A critic of U.S. foreign policy, Gillespie travelled to Iraq as a human shield during the 2003 invasion of Iraq. She created two short documentary films about the war in Iraq: Witness to Invasion and Against Humanity. She was highly critical of capitalism, calling it "institutionalised violence".

Gillespie was vice president of the Humanist Society in Sydney and convenor and leader of the feminist Campaign for Economic Justice. She was a long-time campaigner for women's rights. In 1991 she made a submission to the House of Representatives Inquiry into Equal Opportunity and Equal Status for Australian Women.

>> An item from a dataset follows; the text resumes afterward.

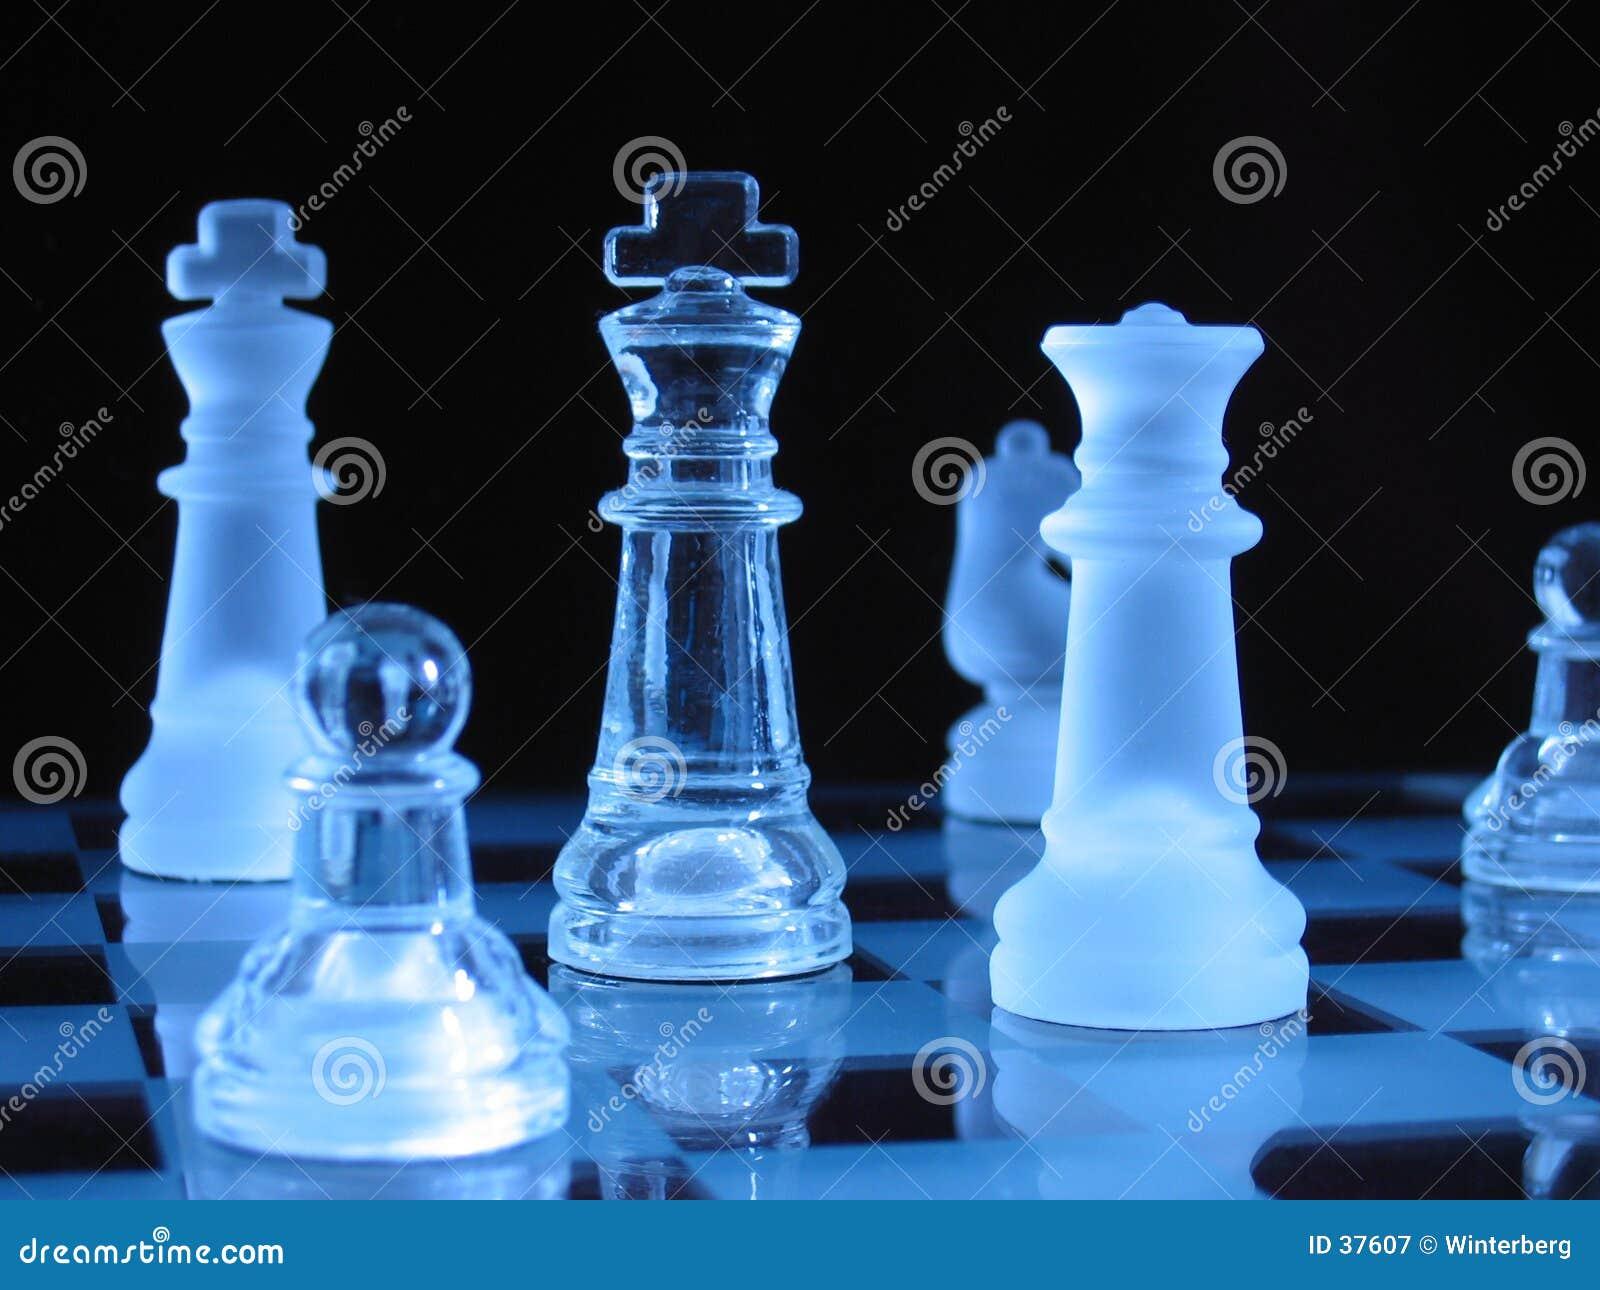 Download Piezas De Ajedrez De Cristal Imagen de archivo - Imagen de chessmen, oscuro: 37607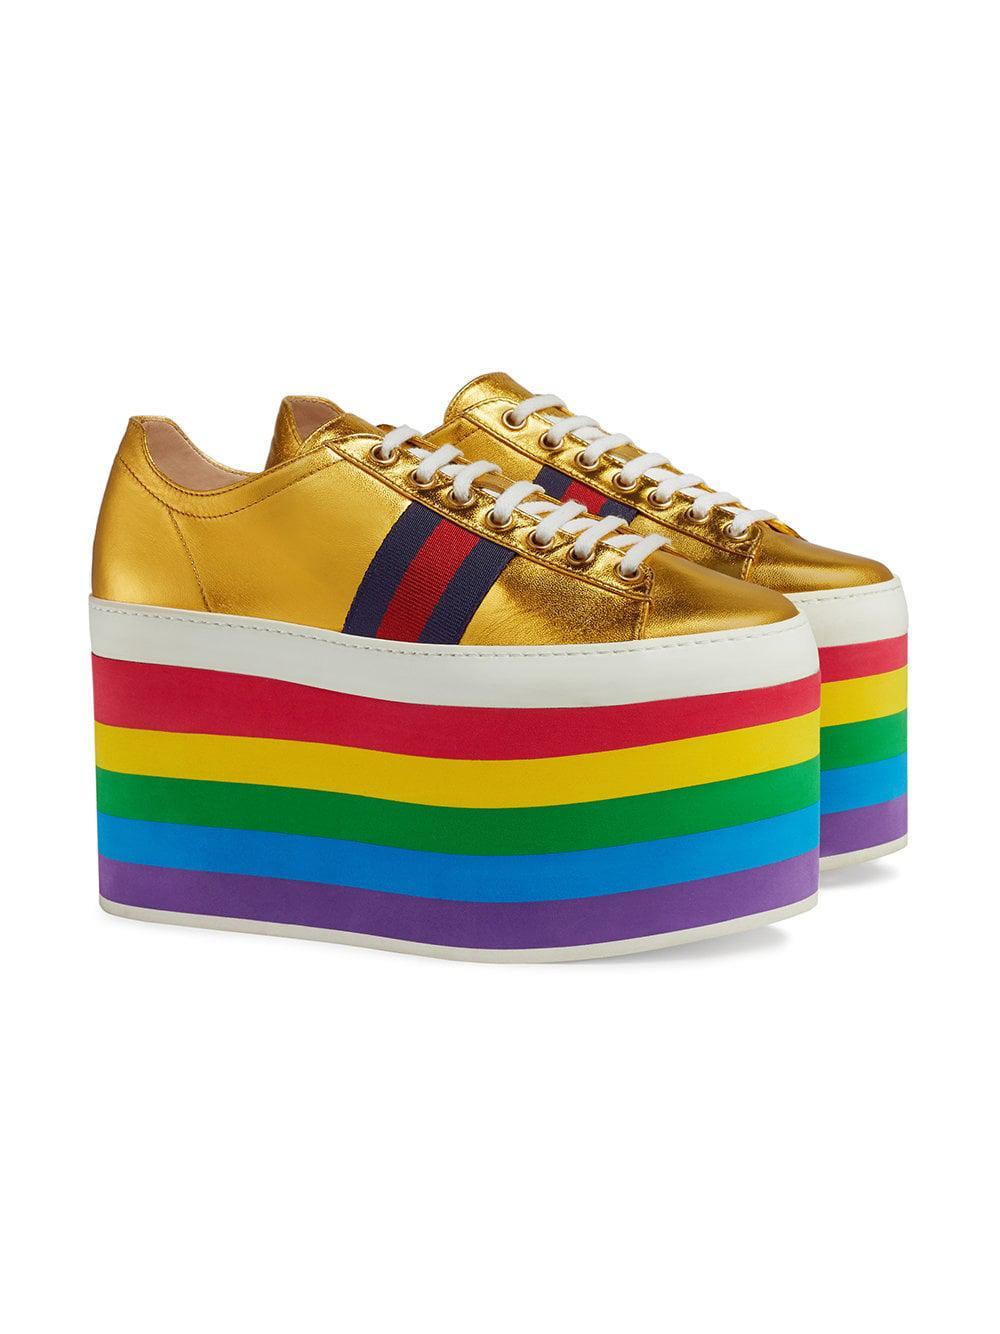 def476b9e Gucci - Yellow Metallic Platform Sneaker - Lyst. View fullscreen

Towards the end of her life she was involved in advocating for Aboriginal rights and joined the Canberra meeting of the Quakers in 1999 and wrote and spoke about peace, justice and Aboriginal rights.

==Writing==
Two of Gillespie's books, Ecocide: Industrial Chemical Contamination and the Corporate Profit Imperative – The Case of Bougainville (1999) and Running with Rebels: Behind the lies in Bougainville's hidden war (2009) focused on her experiences in Bougainville.
Invasion of Iraq: An Eyewitness Account (2004) focused on her experience in Iraq. She wrote a pamphlet in 2005, About Aboriginal Sovereignty.

== Death and legacy ==
Rosemarie Gillespie died at her daughter's home in Melbourne on 21 June 2010, at the age of 69. She was survived by her two daughters, three grandchildren, one sister and a brother.

In 2016 the Quakers held a smoking ceremony in her honour and dedicated a garden to her "Waratah’s Peace Garden" at Silver Wattle Quaker Centre, Bungendore. Her files relating to her time (1973–1984) working with the National Civic Council are held in the State Library of New South Wales.